De esta manera, sería diferente el nivel de conocimiento y el uso de la información entre un maestro de novicios en un Convento y un religioso que vivía en una comunidad indígena. En el primer supuesto, el maestro tenía siempre numerosas opciones de lectura y, en el segundo, estas se reducirían bastante. Esta diferencia la podemos apreciar justamente en las listas de libros y en las peticiones para su envío a territorios distantes. Estas listas o memorias se pueden dividir en dos tipos diferentes. Una, con mayores datos y, otra, con ligeras variaciones entre el registro de autores, títulos y lugares de impresión. En efecto, no tenemos una buena repuesta para explicar por qué algunas personas usaban un tipo de registro u otro. De cualquier manera, ambos representan una información invaluable para entender la circulación de libros en el pasado y son una herramienta invaluable para una posible definición o comprensión de los libros de derecho.

En este mundo de registros bibliográficos del periodo colonial, es evidente que se pueden identificar las más importantes obras que han sido reconocidas por la Historia del Derecho, aunque no exista una definición clara sobre tal literatura. Empero, para el caso novohispano no se han considerado como prioridad colecciones de juristas para delinear ese conjunto de libros. Entonces, ¿podríamos definir a estos libros como aquellos que son parte de la literatura normativa (en la que se ordenan aspectos de la convivencia social), y que manifiestan, definen y regulan el marco de la justicia como expresión del derecho (natural, divino y positivo)? Tal comprensión ampliaría nuestra búsqueda e incluiría otras obras que igualmente fueron usados para la construcción de ese orden social.
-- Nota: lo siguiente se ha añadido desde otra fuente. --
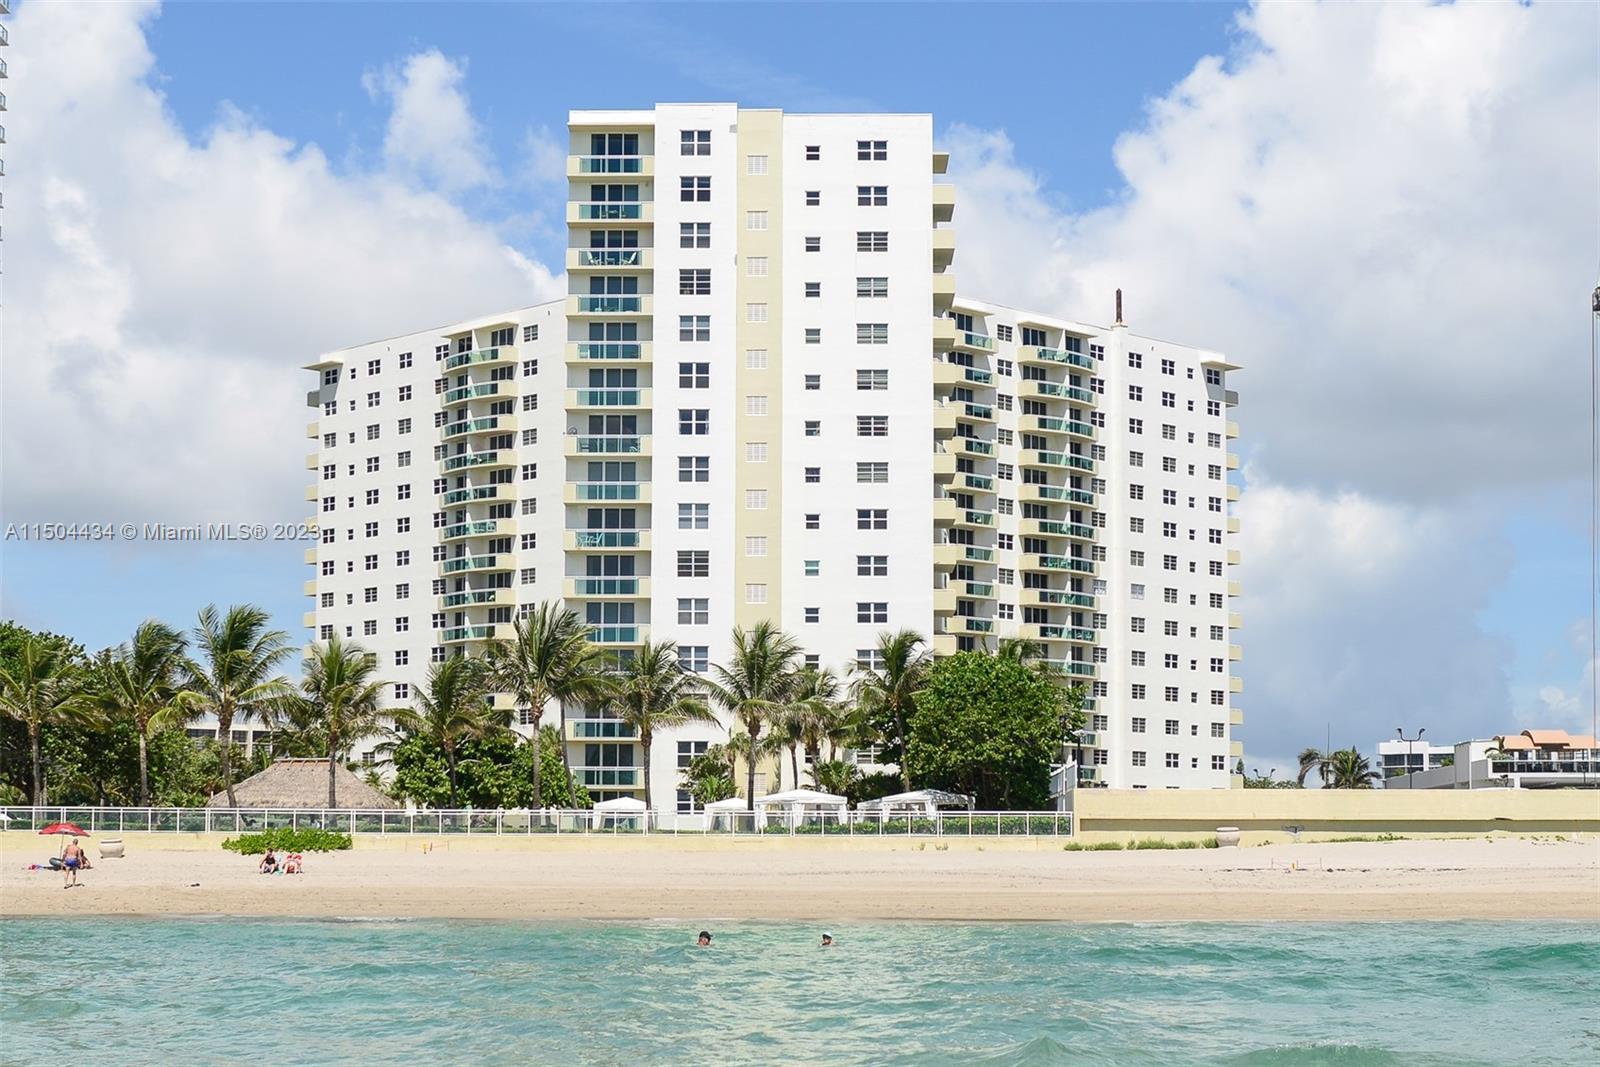 Photo of 3001 S Ocean Dr #1639 in Hollywood, FL

Además, hay otro aspecto fundamental para la historia de los libros: la edición en circulación y el número de ejemplares. La edición es la que recibe el acto de lectura. Ciertamente, el formato, el diseño de una página, el trabajo de un impresor, el papel y otras características de la materialidad de un objeto bibliográfico fueron importantes para los lectores. Las personas siguen escogiendo sus libros en función de esas peculiaridades. No obstante, tal elección también estaba determinada por la oferta del mercado libresco de su tiempo: libros nuevos, libros de segunda mano, distribución comercial o privada, rutas y redes comerciales.40 Por otro lado, los libros de la época que nos interesan fueron producidos durante el periodo de la imprenta manual y, por esa razón, cada edición podría presentar variantes y estados. Tales aspectos resultan fundamentales cuando se trata de rastrear un censo de los ejemplares de una obra específica, porque esas pequeñas transformaciones podrían afectar la transmisión de un texto.41

Un problema añadido es la correcta identificación de las ediciones del pasado en la documentación histórica. Una tarea que a veces es complicada y no únicamente por el canon bibliográfico empleado. Este es un aspecto sobre el que no hemos reflexionado, pese a que la historia del libro y de las bibliotecas, tanto como la historia del derecho, utilizan diferentes listas de libros para dar cuenta de las obras jurídicas que son características de una época o de una escuela. Por eso, combinar testimonios, como el inventario de Ramírez y otros similares, es bastante útil porque en algunos casos tienen abreviaturas de títulos y ciudades como se uso en otros testimonios. De igual manera, autores, obras y ediciones que tenemos localizadas porque contamos con datos más precisos, permiten identificar obras y autores en registros con menor información.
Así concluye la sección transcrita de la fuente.